The thicknesses t11 and t12 of the polycrystalline niobium carbide films 11c and 12c are preferably in the range of 30 μm to 800 μm, more preferably in the range of 40 μm to 600 μm, and even more preferably in the range of 100 μm to 300 μm. When the thicknesses t11 and t12 of the polycrystalline niobium carbide films 11c and 12c are too thin, when the monocrystalline niobium carbide epitaxial growth film 20 is formed, the support material 12b made of graphite is exposed, and the support material 11b is derived from the support material 11b. When 12b is melted and a suitable monocrystalline niobium carbide epitaxial growth film 20 cannot be obtained, on the other hand, when the thicknesses t11 and t12 of the polycrystalline niobium carbide films 11c and 12c are too thick, there is a polycrystalline niobium carbide. The film 12c is liable to be cracked.

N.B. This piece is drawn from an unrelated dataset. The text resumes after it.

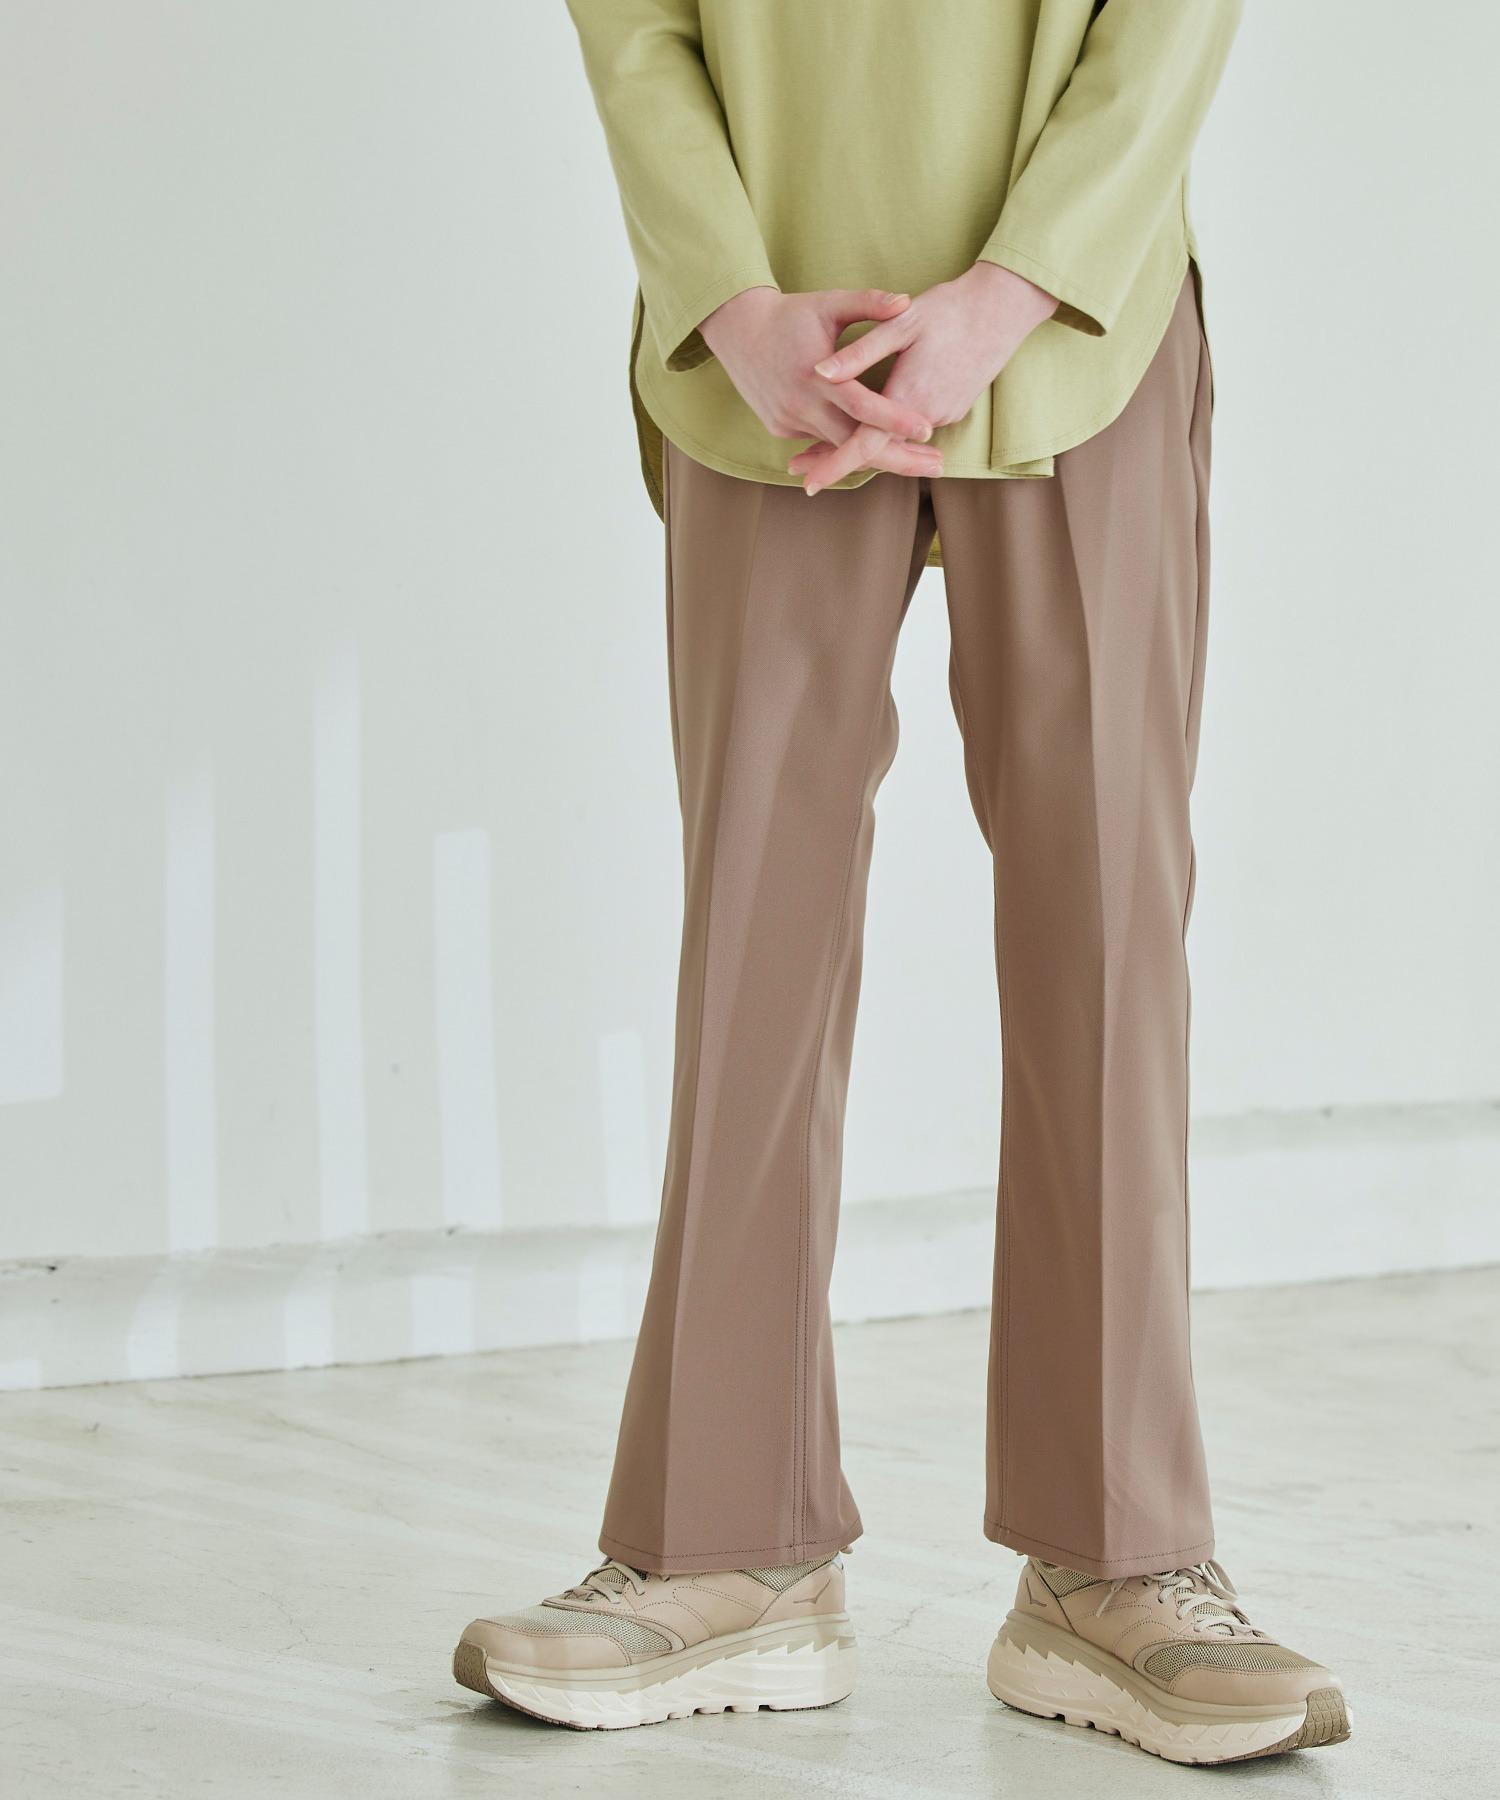 Wrangler/ラングラー WRANCHER DRESS スタプレ ランチャーストレッチツイル センタープレスセミフレアパンツ

The method for forming the polycrystalline niobium carbide films 11c and 12c is not particularly limited. The polycrystalline niobium carbide film 12c can be formed, for example, by a CVD (Chemical Vapor Deposition) method, a sputtering method, or the like. In particular, in the present embodiment, since the polycrystalline niobium carbide films 11c and 12c are made of polycrystalline 3C-SiC, the dense polycrystalline niobium carbide films 11c and 12c can be easily and inexpensively formed by the CVD method.

The polycrystalline niobium carbide film 11c constituting the surface layer of the feed substrate 11 is diffracted by X-rays as a diffraction peak corresponding to polycrystalline 3C-SiC, and the diffraction of the corresponding (111) crystal plane can be observed. The peak is observed and the diffraction peak other than the diffraction peak corresponding to the (111) crystal plane is observed. The polycrystalline niobium carbide film 11c is diffracted by X-rays as a diffraction peak corresponding to polycrystalline 3C-SiC, so that the diffraction peak of the corresponding (111) crystal plane can be observed, and the ratio is observed. It is preferable to correspond to the primary diffraction peak of the crystal plane other than the (111) crystal plane corresponding to the 10% intensity of the first-order diffraction peak of the (111) crystal plane.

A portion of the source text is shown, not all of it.